Collection entries
● ● ● ● ● ● ●

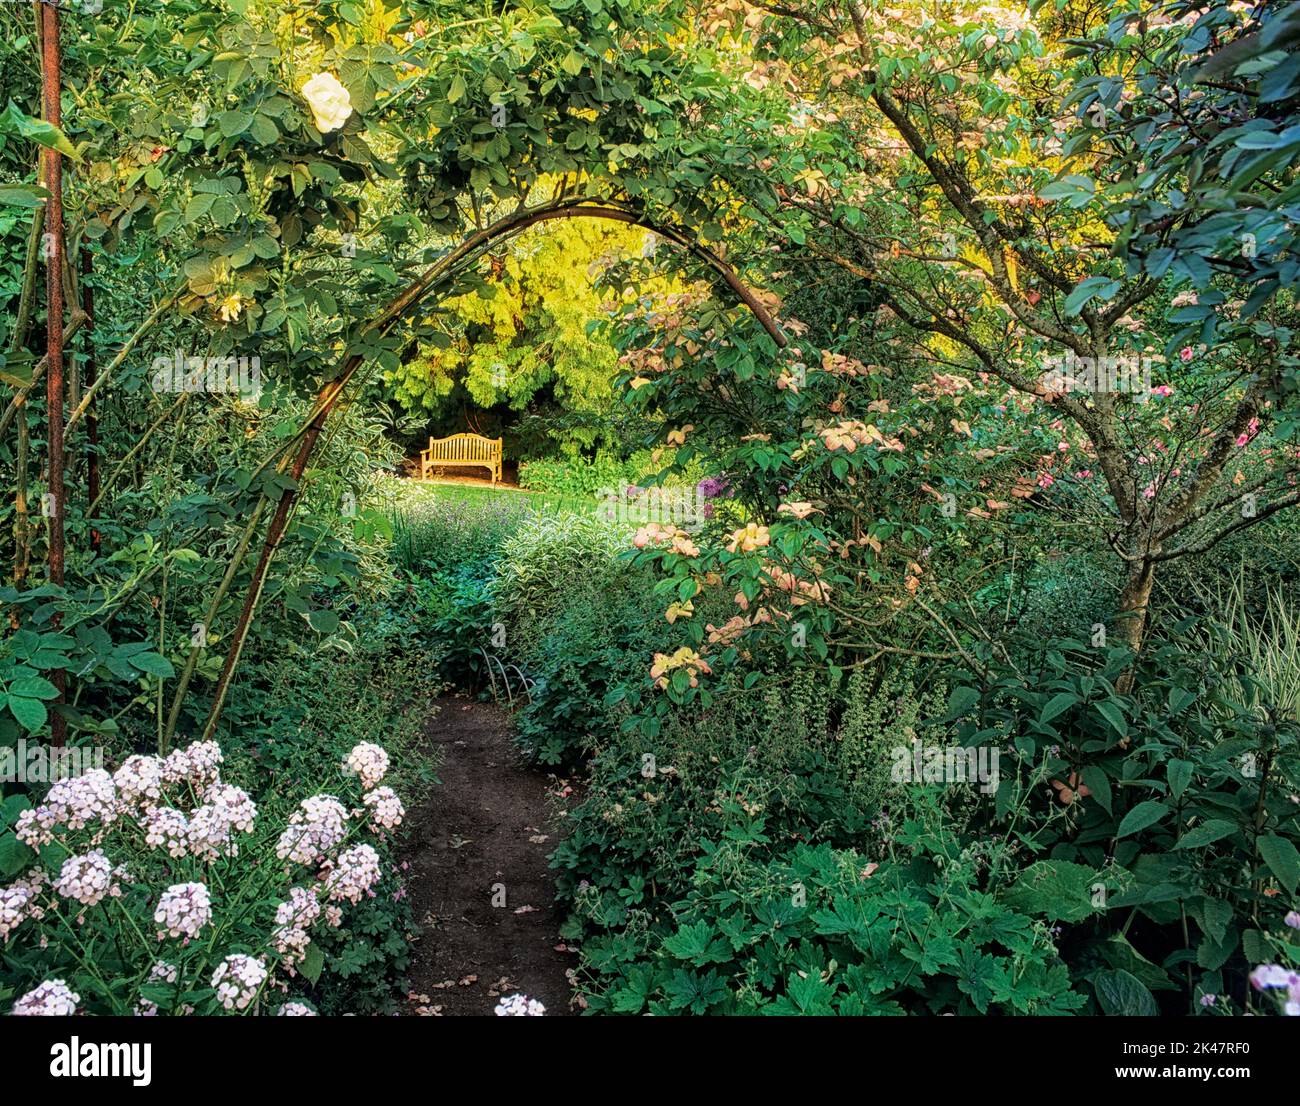 Chemin avec cornouiller, vigne rose et banc. Jardin botanique de Bellevue, Bellevue, Washington Banque D'Images
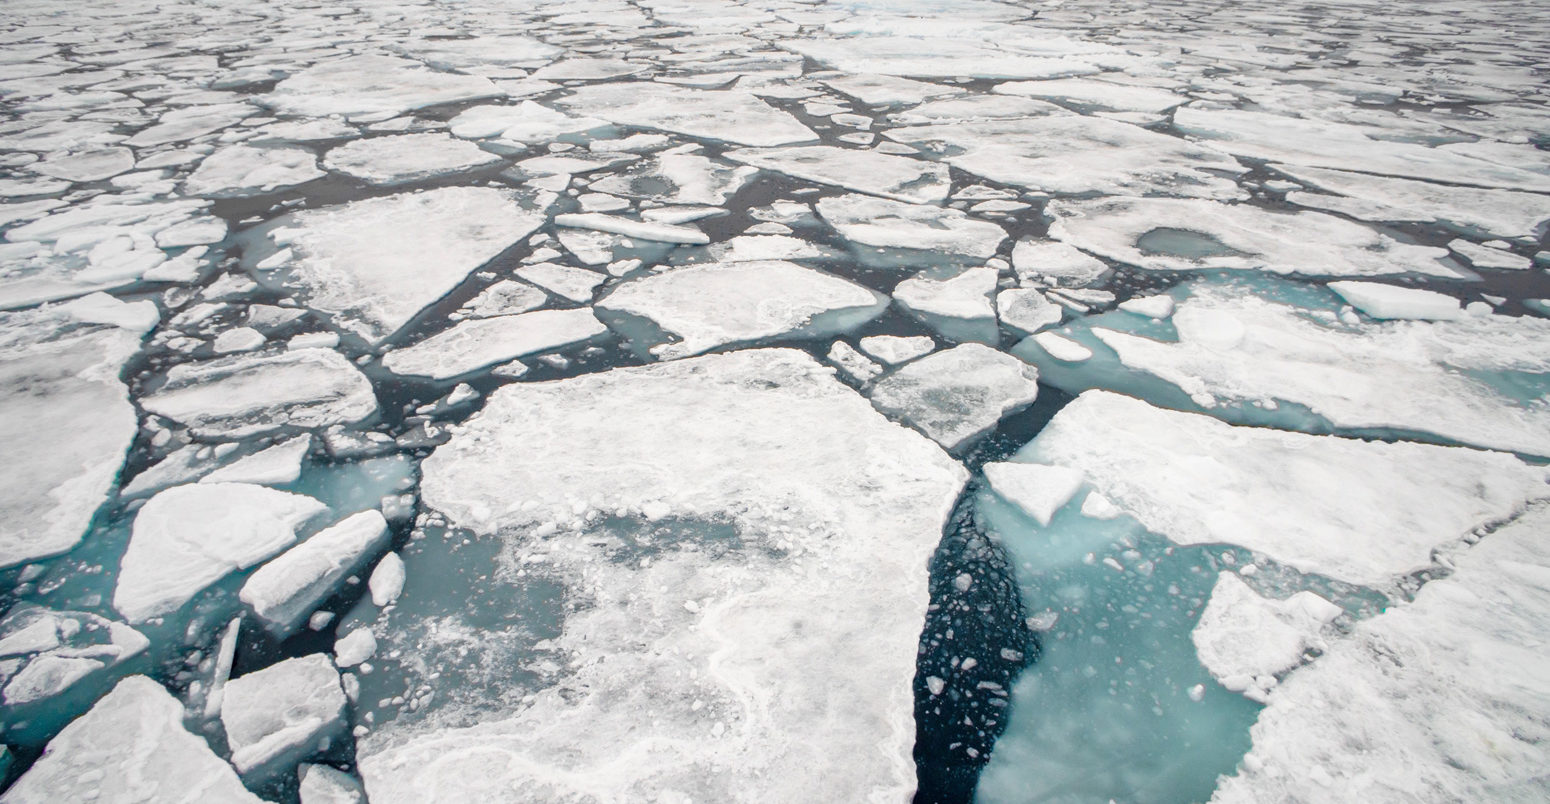 斯瓦尔巴特群岛的北冰洋浮冰
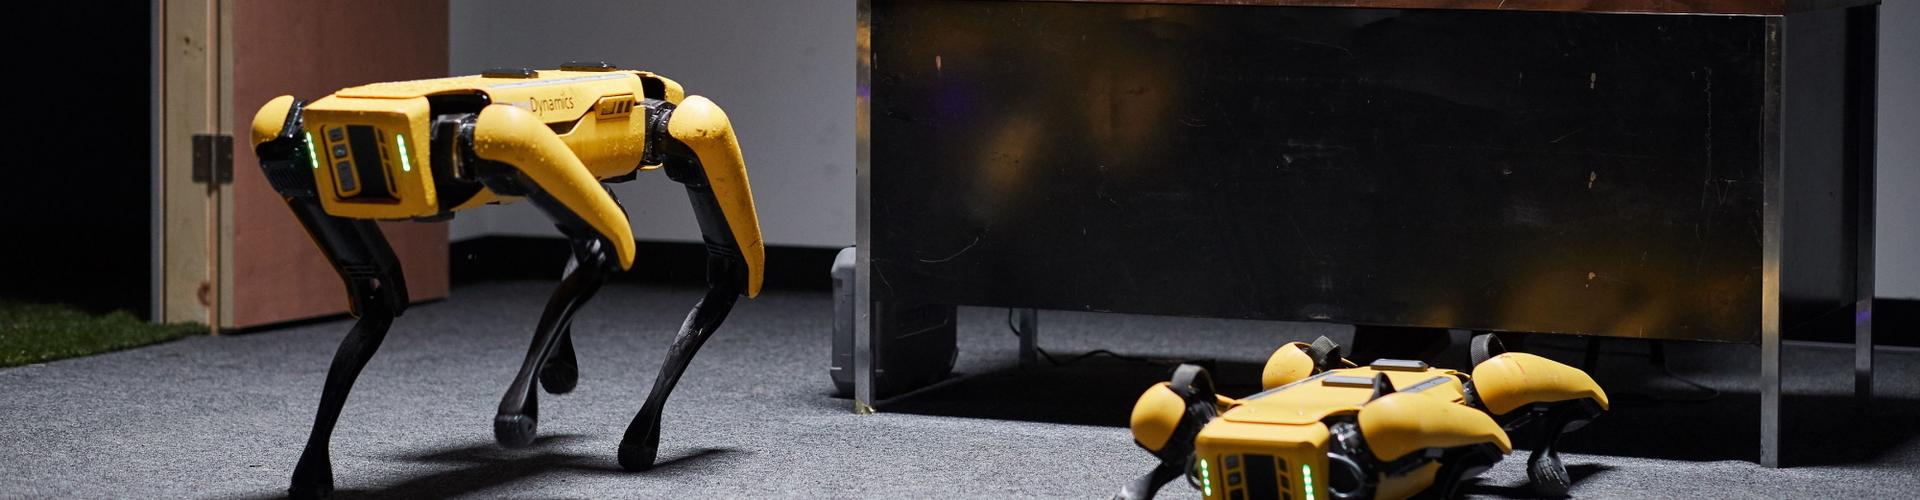 Spot, czworonożny robo-pies firmy Boston Dynamics przyjechał do Polski
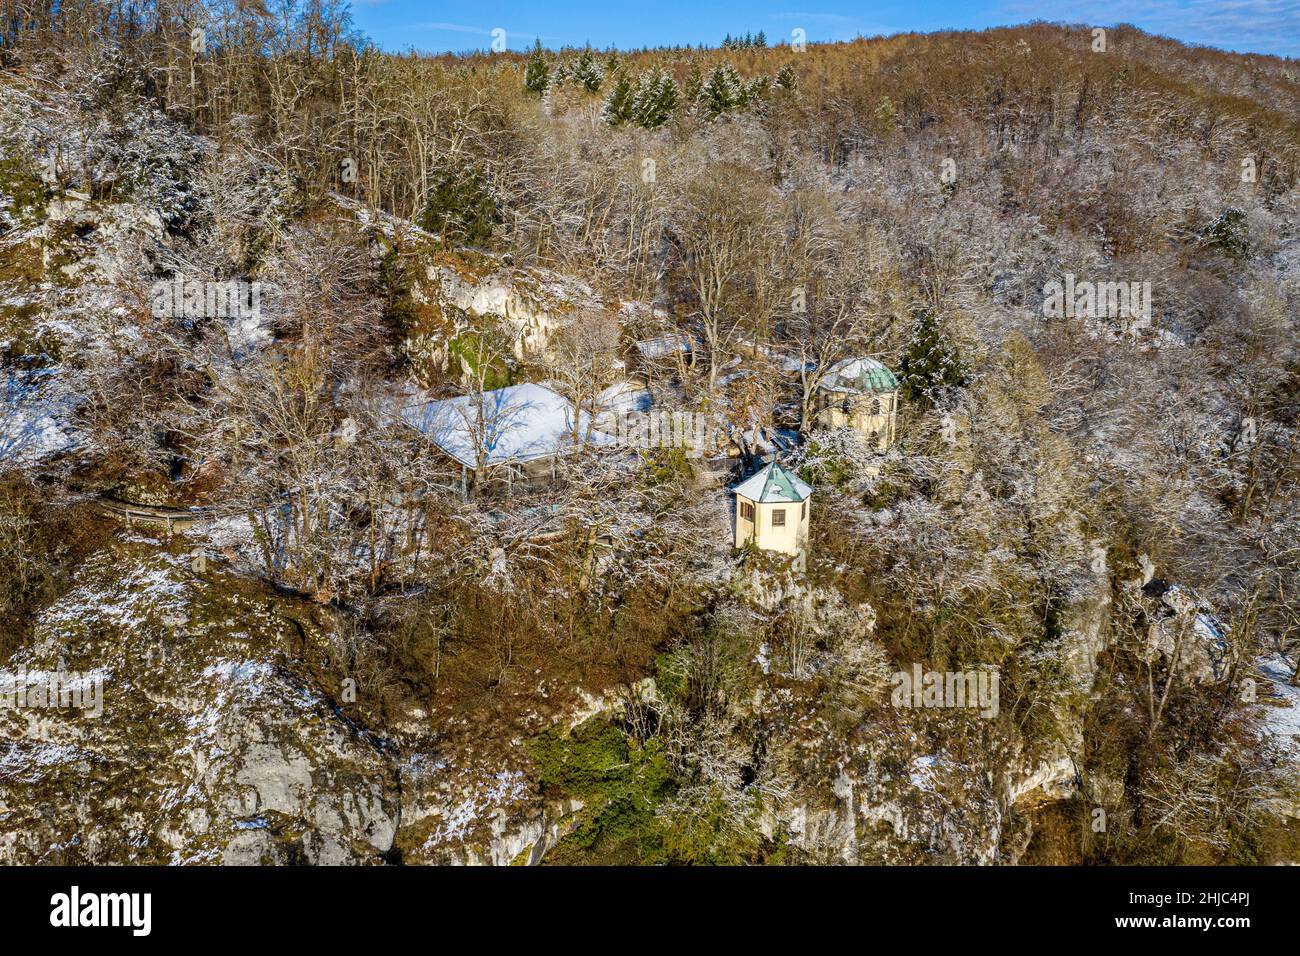 Vista aérea de la cueva de estalactita Schulerloch en el parque natural Altmühltal cerca de kelheim, baviera, alemania Foto de stock
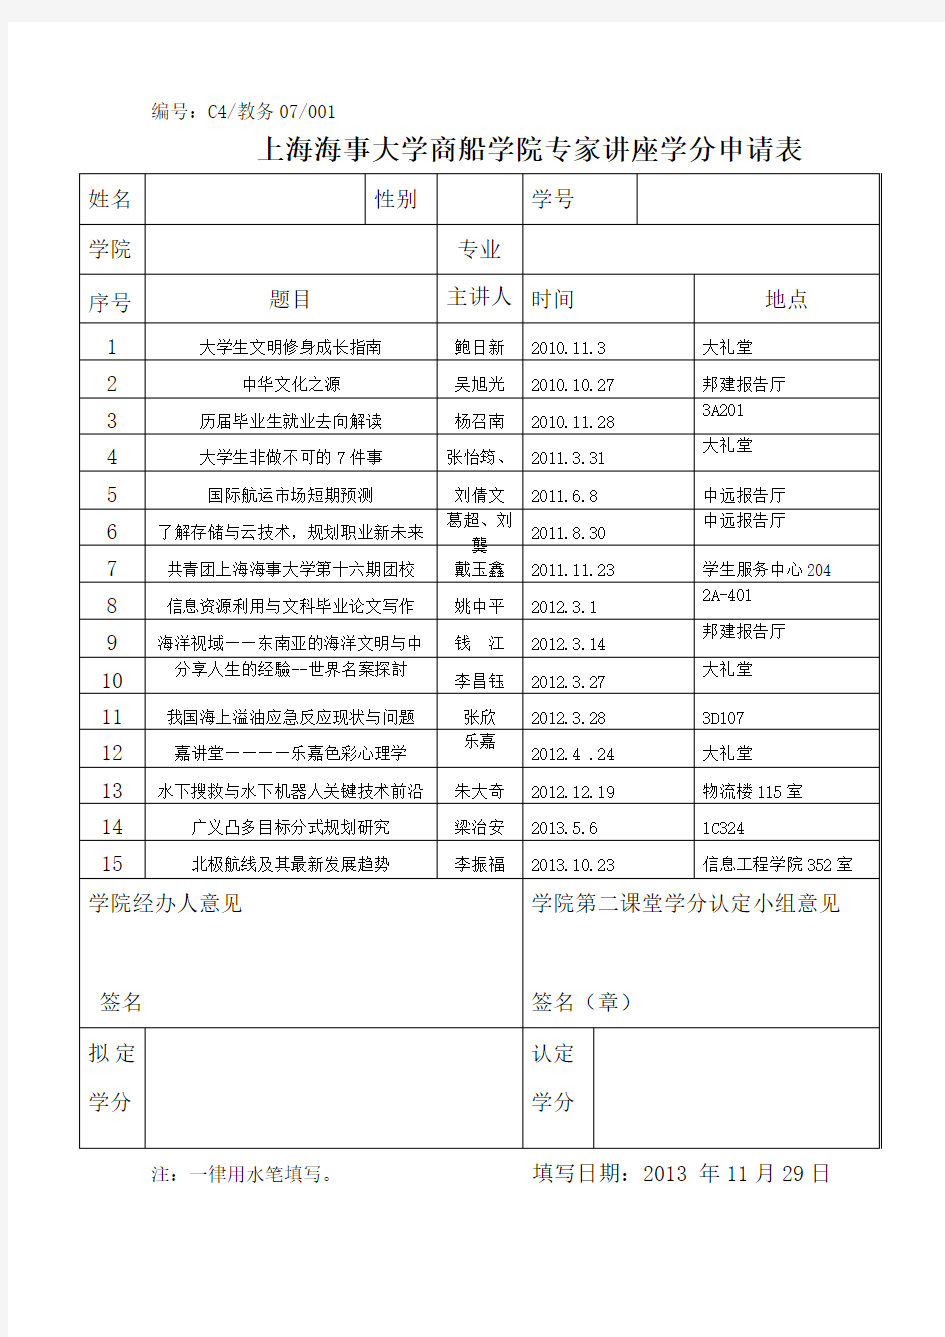 上海海事大学第二课堂讲座学分申请表 .

● ● ● ● ● ● ●

• **Exercise directions**
Return exactly the lines that begin with the one containing "斯瓦尔巴特群岛的北冰洋浮冰" and end with the final line of the data above; include no pictures.

• **Result below**
 斯瓦尔巴特群岛的北冰洋浮冰
 Spot, czworonożny robo-pies firmy Boston Dynamics przyjechał do Polski
 Vista aérea de la cueva de estalactita Schulerloch en el parque natural Altmühltal cerca de kelheim, baviera, alemania Foto de stock
 上海海事大学第二课堂讲座学分申请表 .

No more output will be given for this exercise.